WHAT THE TASK ASKS - Output every line below as it stands, dropping only the images.

::: DATA

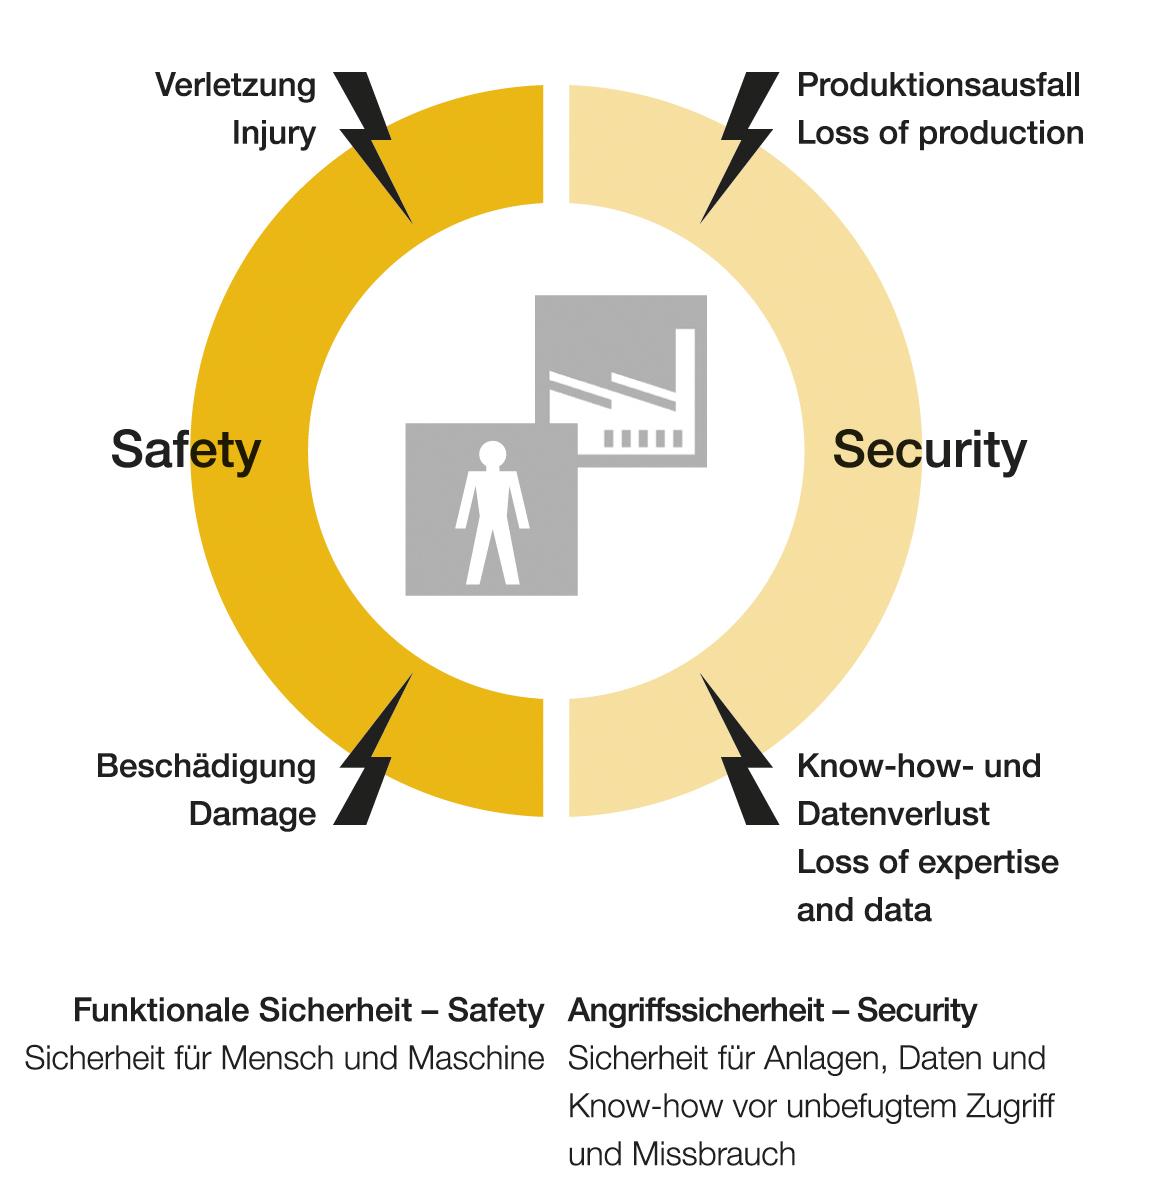 In Bezug auf das Thema Sicherheit treffen zwei Welten aufeinander: Die Welt der Automatisierung verschmilzt mit der IT-Welt. Für Safety wie für Security gilt: Die Verfügbarkeit von Maschinen und Anlagen darf durch Sicherheitsmaßnahmen nicht beeinträchtigt werden.
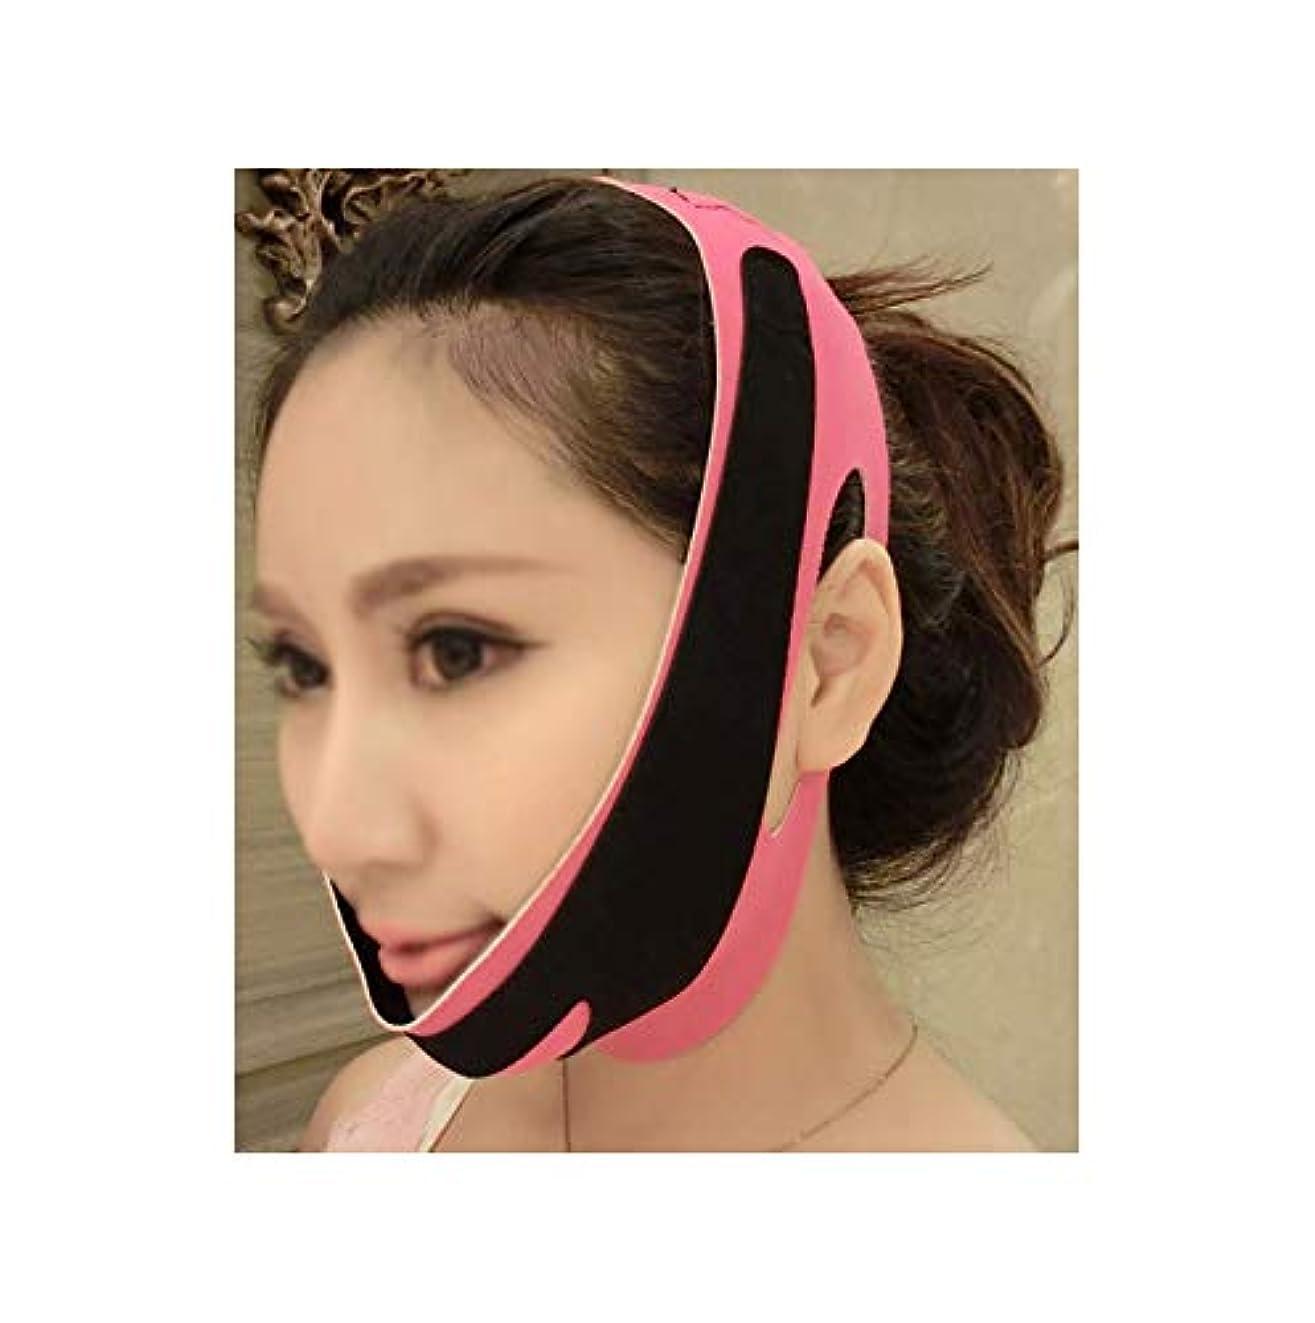 プーノ一杯納屋薄い顔包帯フェイススリム二重あごを取り除きますVラインフェイスシェイプを作成チンチークリフトアップアンチリンクルリフティングベルトフェイスマッサージツール女性と女の子
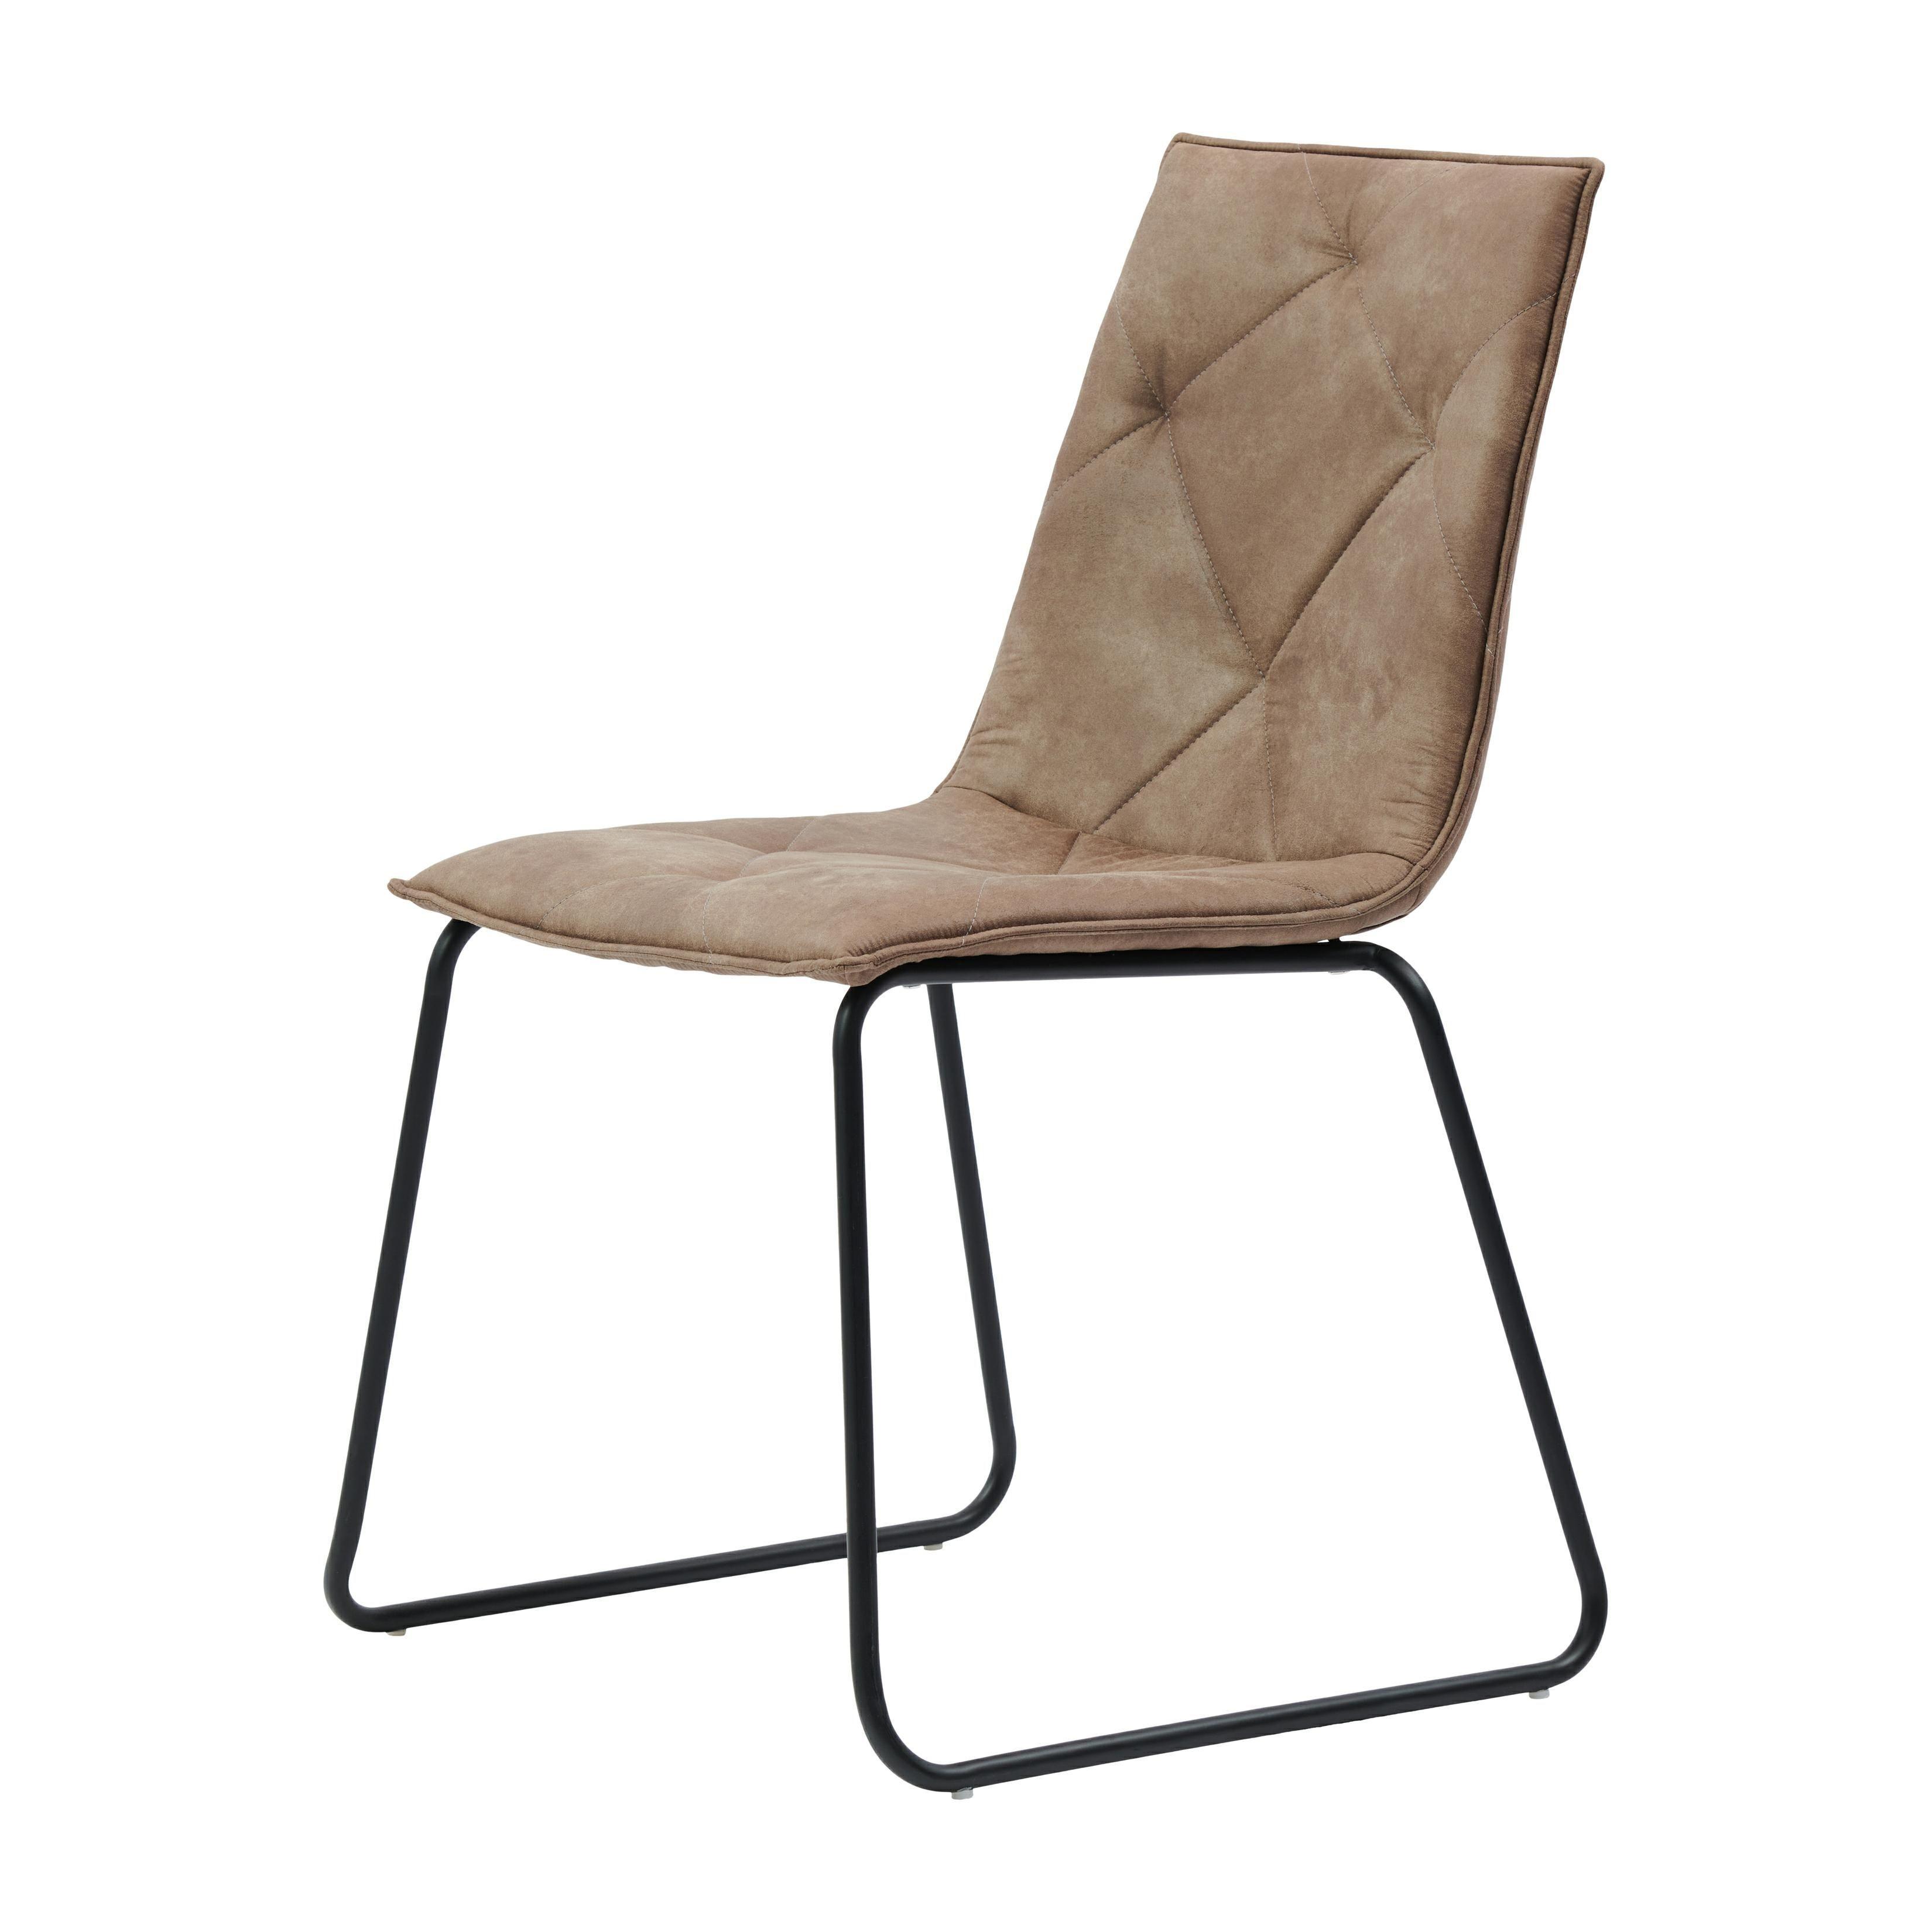 Venice Park Stackable Chair pellini coffee / Rivièra Maison

::::::

SOLUTION TO THIS EXERCISE -
 In Bezug auf das Thema Sicherheit treffen zwei Welten aufeinander: Die Welt der Automatisierung verschmilzt mit der IT-Welt. Für Safety wie für Security gilt: Die Verfügbarkeit von Maschinen und Anlagen darf durch Sicherheitsmaßnahmen nicht beeinträchtigt werden.
 プーノ一杯納屋薄い顔包帯フェイススリム二重あごを取り除きますVラインフェイスシェイプを作成チンチークリフトアップアンチリンクルリフティングベルトフェイスマッサージツール女性と女の子
 Venice Park Stackable Chair pellini coffee / Rivièra Maison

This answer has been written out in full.